4) Infine lo Spirito è autore, guida della nostra preghiera, e la nostra preghiera è nello Spirito anche perché ci fa trovare insieme, ci vivifica come corpo di Chiesa e ci fa pregare insieme in assemblea. Come dice Padre Mollat: le religioni diverse dal Cristianesimo hanno insegnato altissime preghiere individuali, ma non la capacità di perdersi e fondersi in una preghiera pubblica e corale che abbia questa qualità di fede.

Questo è il dono dello Spirito. La preghiera cristiana non è una somma di preghiere individuali, bensì una fusione di cuori nell’unità, animati dall’unico Spirito.

Si entra nel vero senso della preghiera cristiana quando ci mescoliamo alle sofferenze degli altri, coinvolgendoci in esse, uscendo da noi stessi, dal nostro individualismo, per lasciarci salvare insieme e farci visitare insieme dallo Spirito.

Veniamo alla domanda finale: “Quale preghiera, Signore, vuoi tu da me?”.

La preghiera a cui dobbiamo tendere e sulla quale verificarci, è la preghiera del pubblicano, cioè quella di chi, non riconoscendo niente in sé e nemmeno la capacità di pregare, si abbandona alla potenza e alla misericordia di Dio; sentiremo anche in noi la lode per la misericordia di Dio, non una lode sforzata, ma la lode di chi si sente graziato. Nasce così quella conformità piena che ci fa uscire da sé per perdersi e lasciarsi morire nelle mani di Dio. Questo è sperimentare veramente la preghiera e, quando riusciamo a farlo comunitariamente nel pieno coinvolgimento di noi stessi, la preghiera diventa un lasciarci insieme afferrare da Dio, mettendo noi stessi nelle Sue mani, arresi alla Sua potenza.

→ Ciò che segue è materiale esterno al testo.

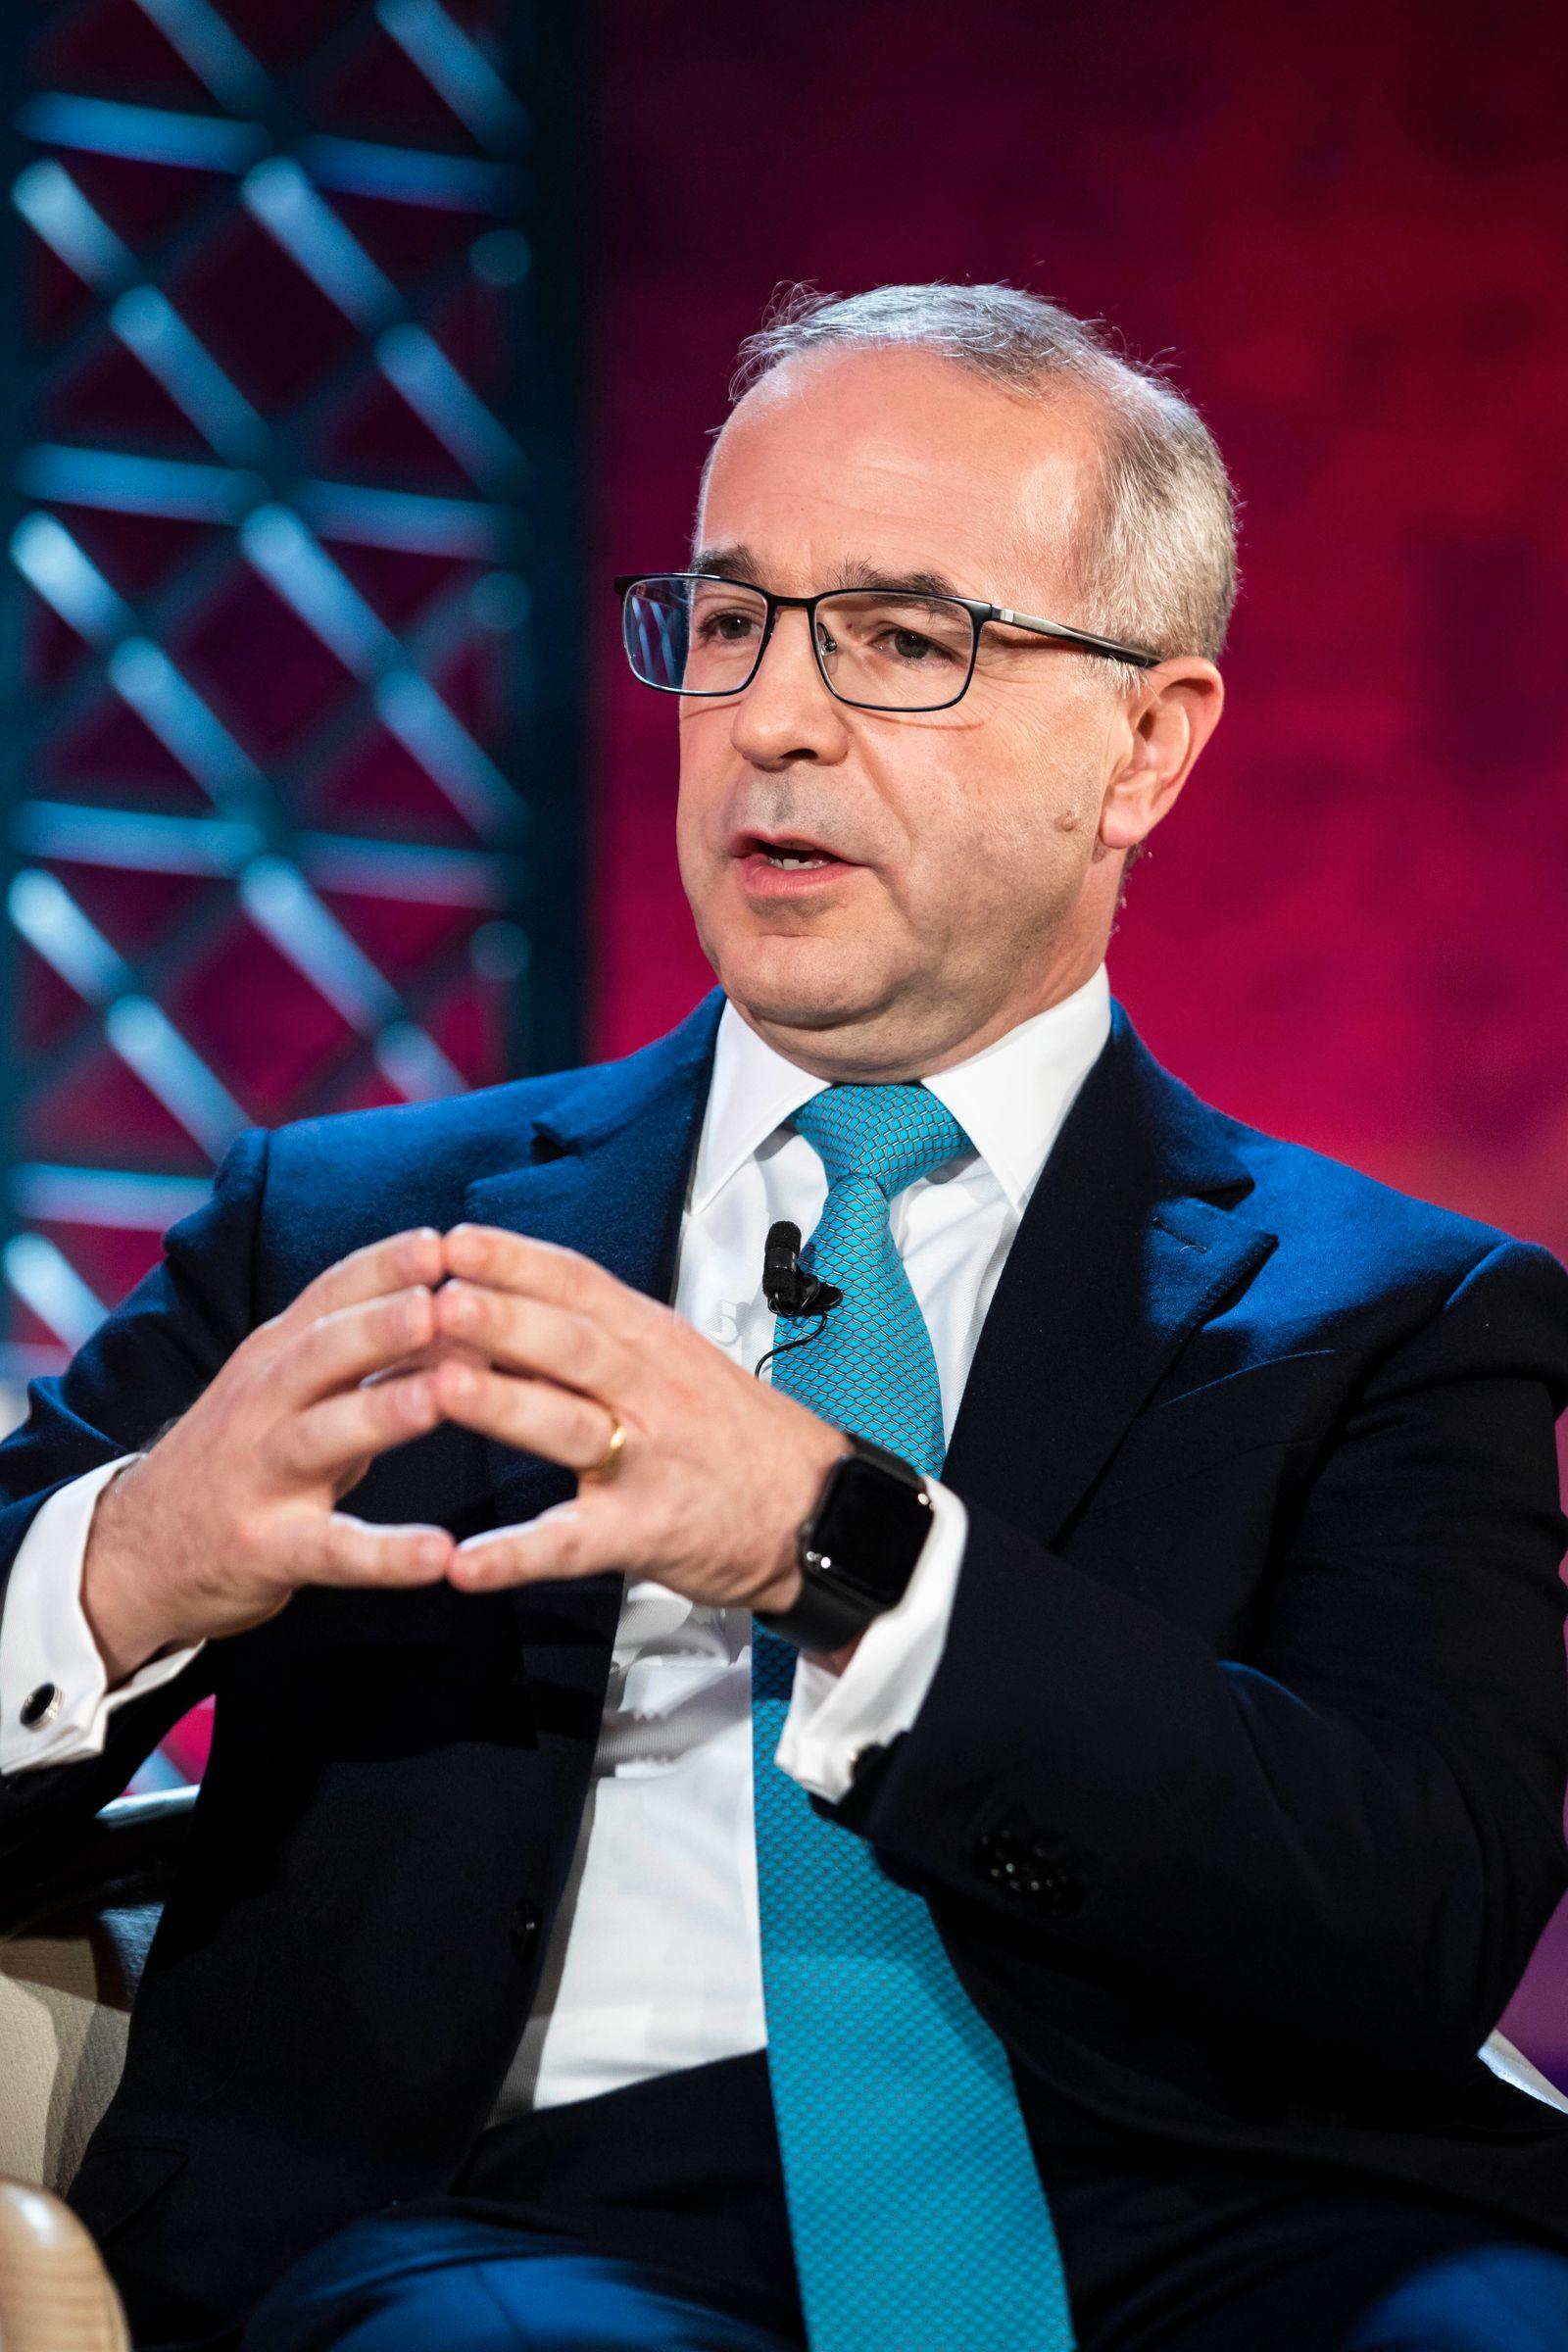 Paris, France, November 18th, 2019 - Fortune Global Forum 2019, in the presence of Kevin Sneader, Global Managing Partne

Chiediamo quindi al Signore:

che la Sua potenza ci afferri, ci insegni a pregare;

che ci insegni a non voler proiettare noi stessi nella preghiera, le nostre preoccupazioni, i nostri desideri;

che dia a ciascuno di noi quella pienezza di Spirito che ci strappi da noi stessi e ci faccia sperimentare nella preghiera la morte, cioè l’uscita da noi, e la nostra preghiera divenga il momento in cui viviamo il dono perfetto di noi stessi, e il dono che Dio ci dà la Grazia di compiere.